▶ _Work item_
Although the data below contains pictures, output only the lines between those holding "Happy Birthday Azalya" and "Sculptural Candlestick Holder Mold", inclusive, exactly and without those pictures.

▶ _Dataset records_
^^^^
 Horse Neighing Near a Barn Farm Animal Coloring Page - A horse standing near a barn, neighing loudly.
^^^^
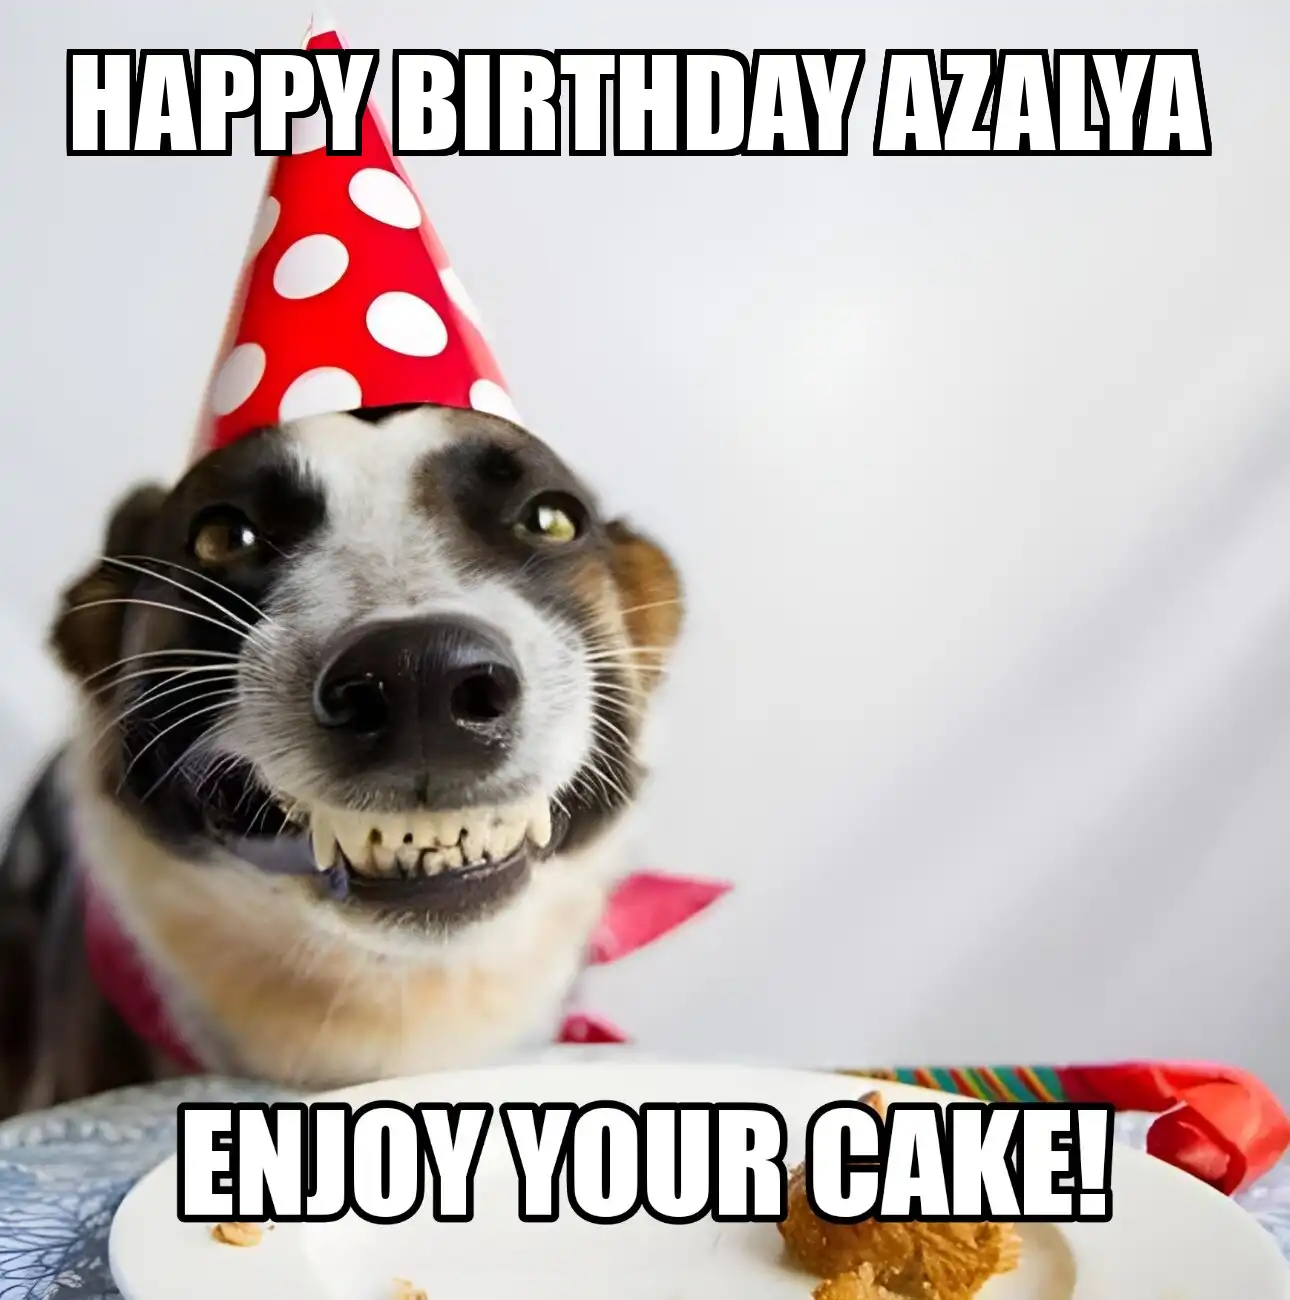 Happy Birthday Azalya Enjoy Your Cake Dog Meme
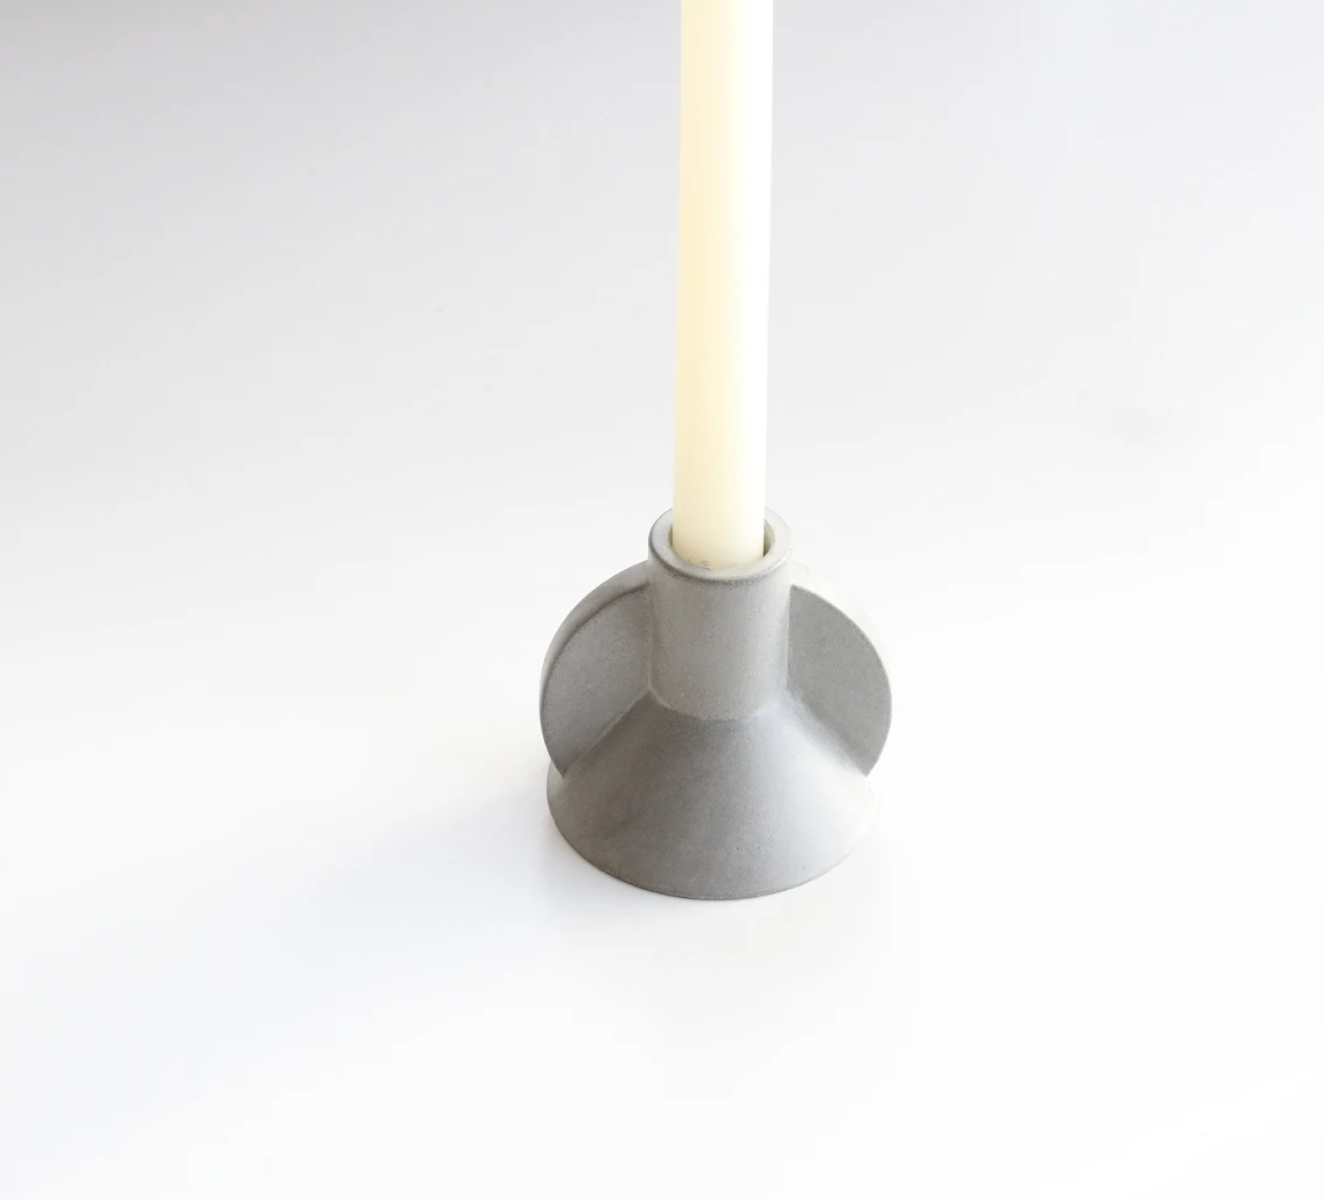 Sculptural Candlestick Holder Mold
^^^^
▶ _Answer for this exercise_
 Happy Birthday Azalya Enjoy Your Cake Dog Meme
 Sculptural Candlestick Holder Mold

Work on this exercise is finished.